Emilia wondered what it was like to live in the Basildons’ world. Not that hers was gritty reality – she was only too aware it was rarefied – but this was quintessential country life at its most appealing. This was the room where Sarah took tea or coffee with her guests, and wrote letters and saw to her business. She thought of the back office at the shop and resolved to make it a more pleasant place to work in. Her father had rarely spent time in there; just banished anything he didn’t want to look at into its depths. It was cold and damp and dingy. It would have to change.

Sarah came in with a tray bearing tea: a proper china teapot, and dainty cups and saucers and a milk jug and sugar bowl. And a plate of shortbread, thick with caster sugar. She laid it on the table between the sofas.

‘Milk?’ she asked, and Emilia nodded.

Sarah somehow managed to look dishevelled but devastatingly attractive. She must be in her fifties but looked far younger. She had on jeans and a faded Liberty lawn shirt and pale blue loafers. Her hair was a mixture of honey and grey that looked as if a top London hairdresser had painstakingly streaked it, but was probably the result of Sarah not having been to have her roots done for months. Her hands were red and chapped from gardening, and her nails ragged, but the most enormous diamond glimmered on her ring finger: it was so large it almost couldn’t be real, but Sarah wasn’t the type to wear costume jewellery. She wore no make-up but a dab of pink lipstick hastily applied in the downstairs loo just before she answered the door. She was the archetypal English rose.

‘I’ve just got back from visiting Alice,’ she said as she poured the tea. ‘The traffic out of Oxford was awful.’

‘How is she?’

Sarah sighed. ‘She’s in a lot of discomfort, poor thing. And of course all those painkillers make one so fuzzy. But she’s making progress.’

She sat down on the sofa opposite Emilia.

‘I asked you here because I wanted to talk to you about something your father and I had been discussing for a while.’

Emilia nodded. Sarah clasped her hands. She seemed slightly nervous, not quite meeting Emilia’s eye. She fiddled with the diamond ring. Her fingers were so slender it spun round and round.

‘We had become quite good friends, your father and I. We spoke – met – often.’ She lifted her gaze. ‘Ralph is not a great reader and it was good to have a decent conversation with someone about books. Julius was always so brilliant at recommending. He had a feeling for what I wanted to read and I don’t think there was one book he suggested that I didn’t love. Sometimes he’d make me read things because they were good for me and I always took something away from them.
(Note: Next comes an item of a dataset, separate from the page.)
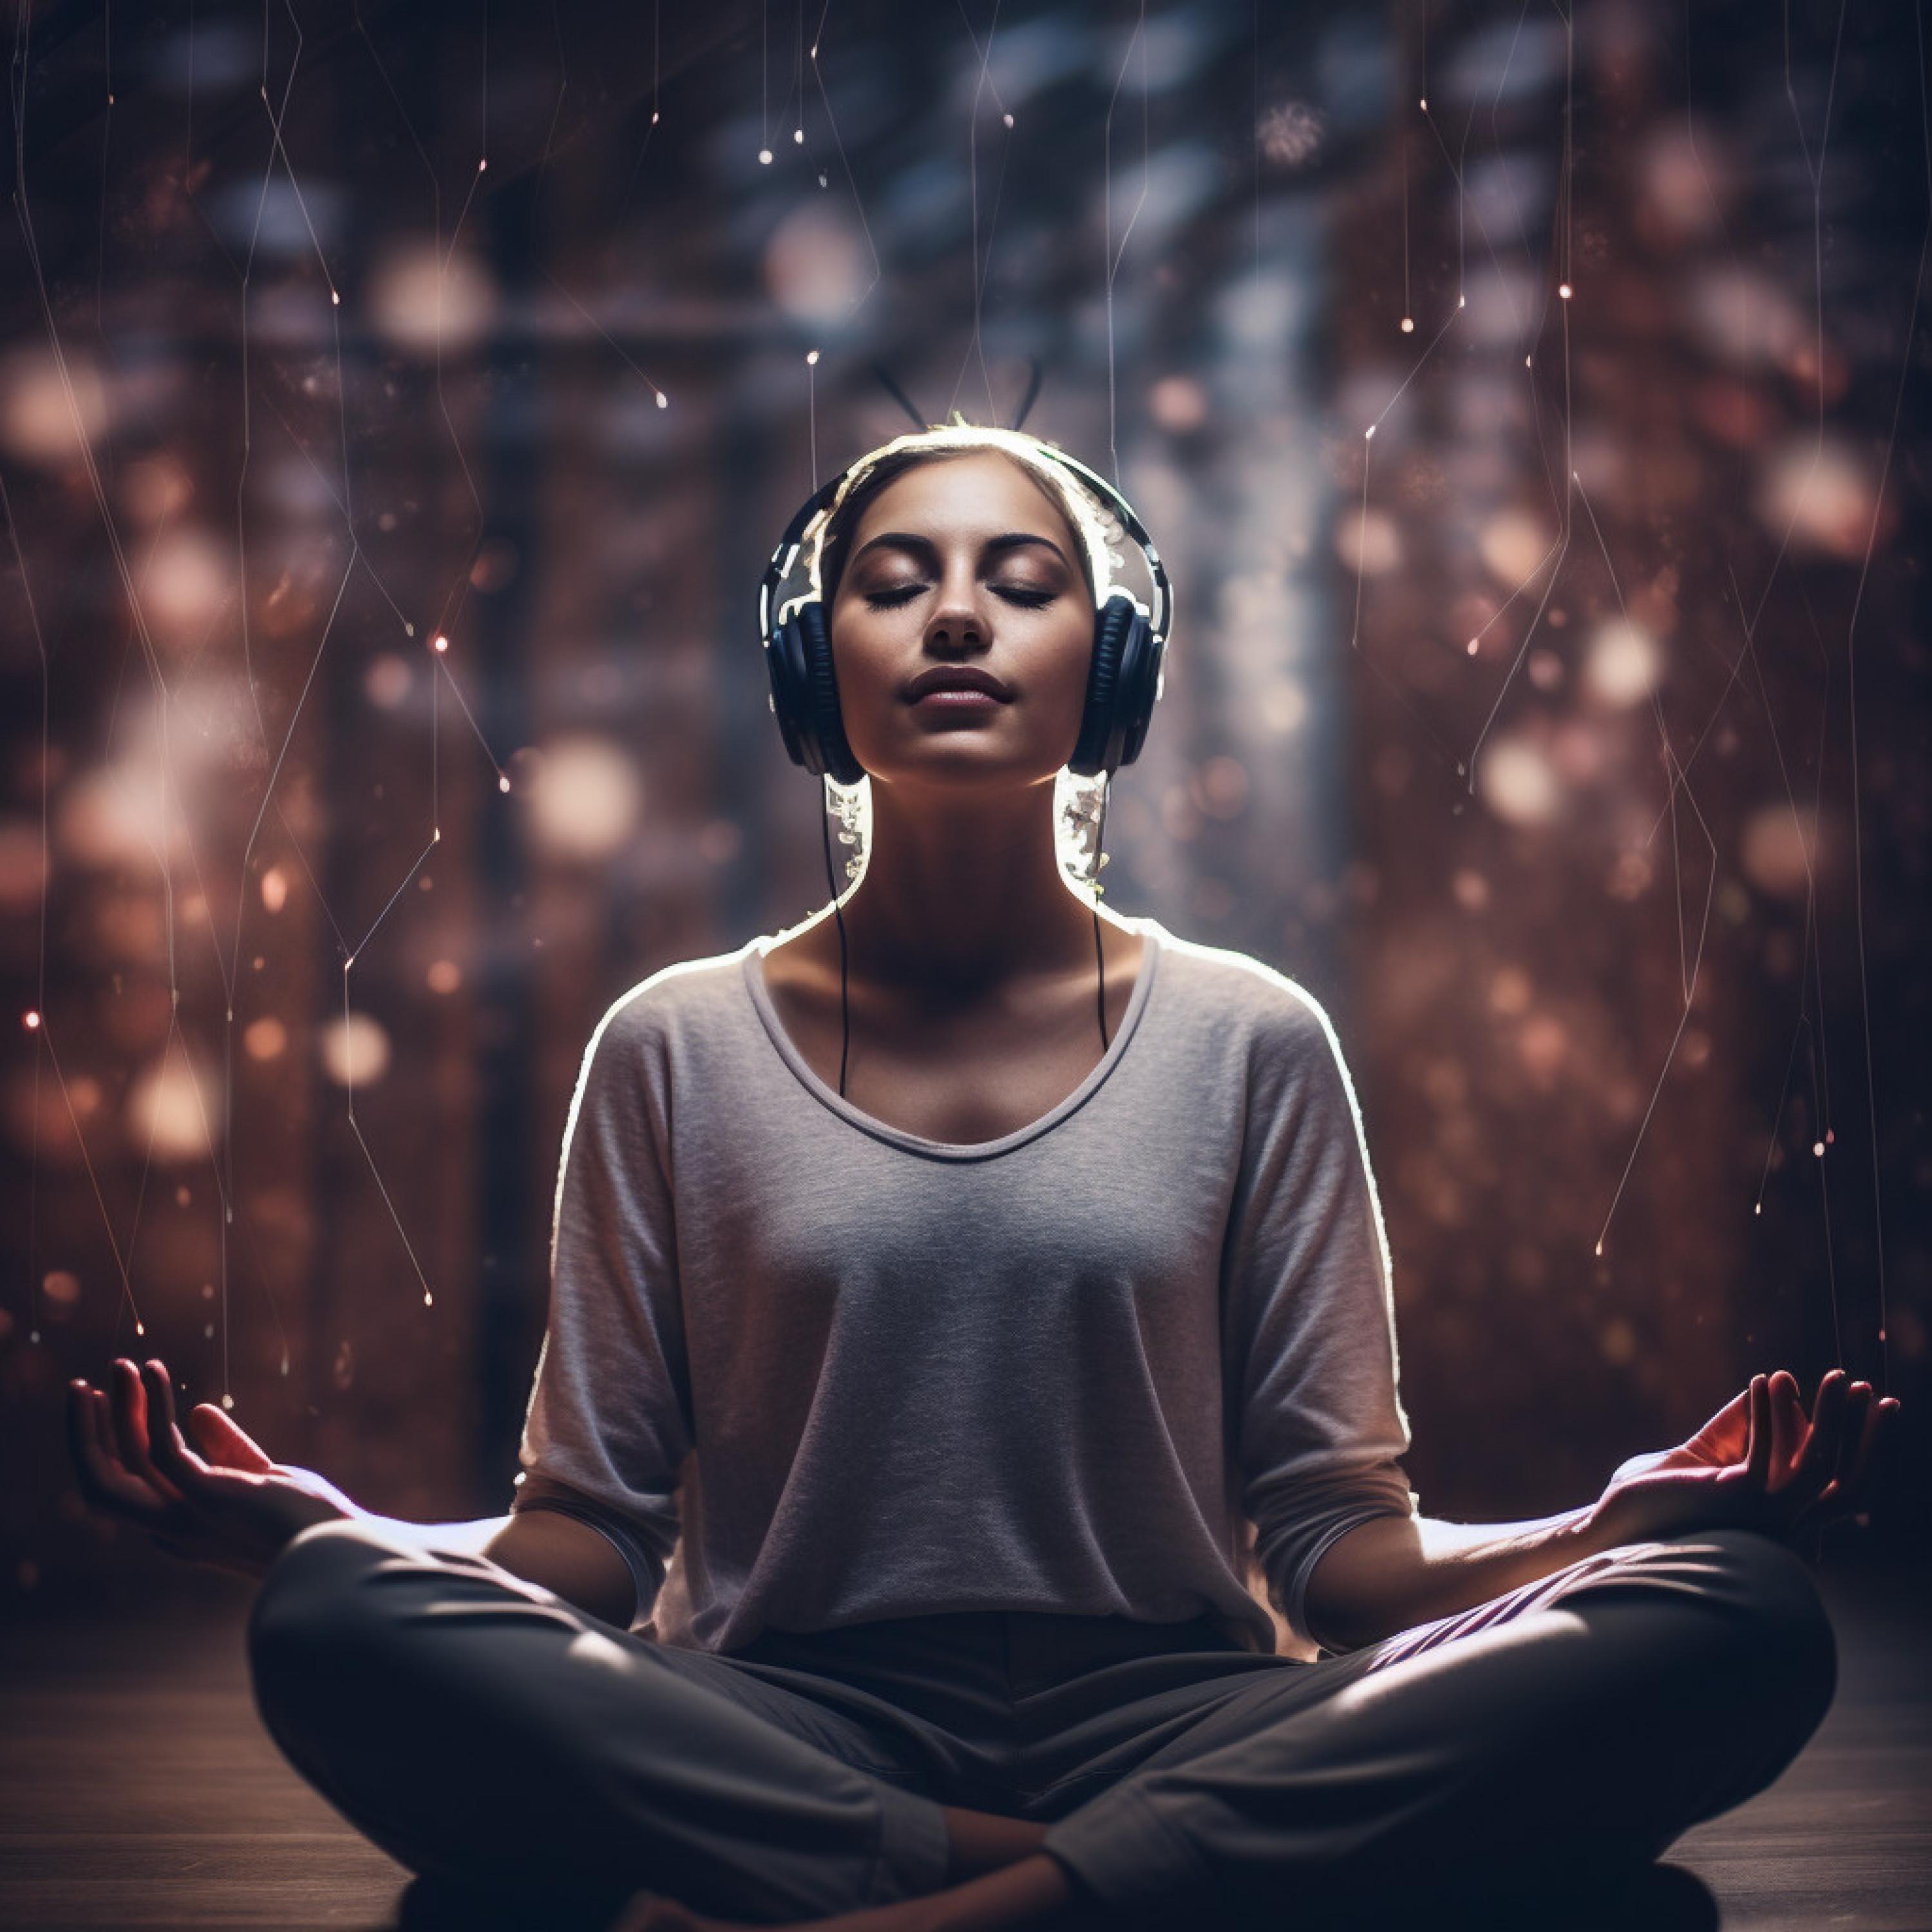 Yoga Radiance - Rhythmic Binaural Echo

He widened my world …’

She drifted off, immersed in her eulogy.

‘He was extraordinary,’ she finished, and Emilia could see the glitter of tears in her navy blue eyes, as bright as the diamond on her ring.

‘I know,’ said Emilia.

For a moment, Sarah couldn’t speak. Emilia was touched. She could see how difficult Sarah was finding this. She was still astonished by how deep people’s feelings for her father ran. They still came up to her in the street or in the shop and told her how much he had meant to them.

‘I’d love to do something. To remember him by. He often talked about organising a literary festival. It was a dream of his and I’d suggested that we could do one here, at Peasebrook. We have so many rooms here that could be used. We were starting to think quite seriously about it when he became ill.’

Here, Sarah looked down at the floor. Emilia could see she was struggling.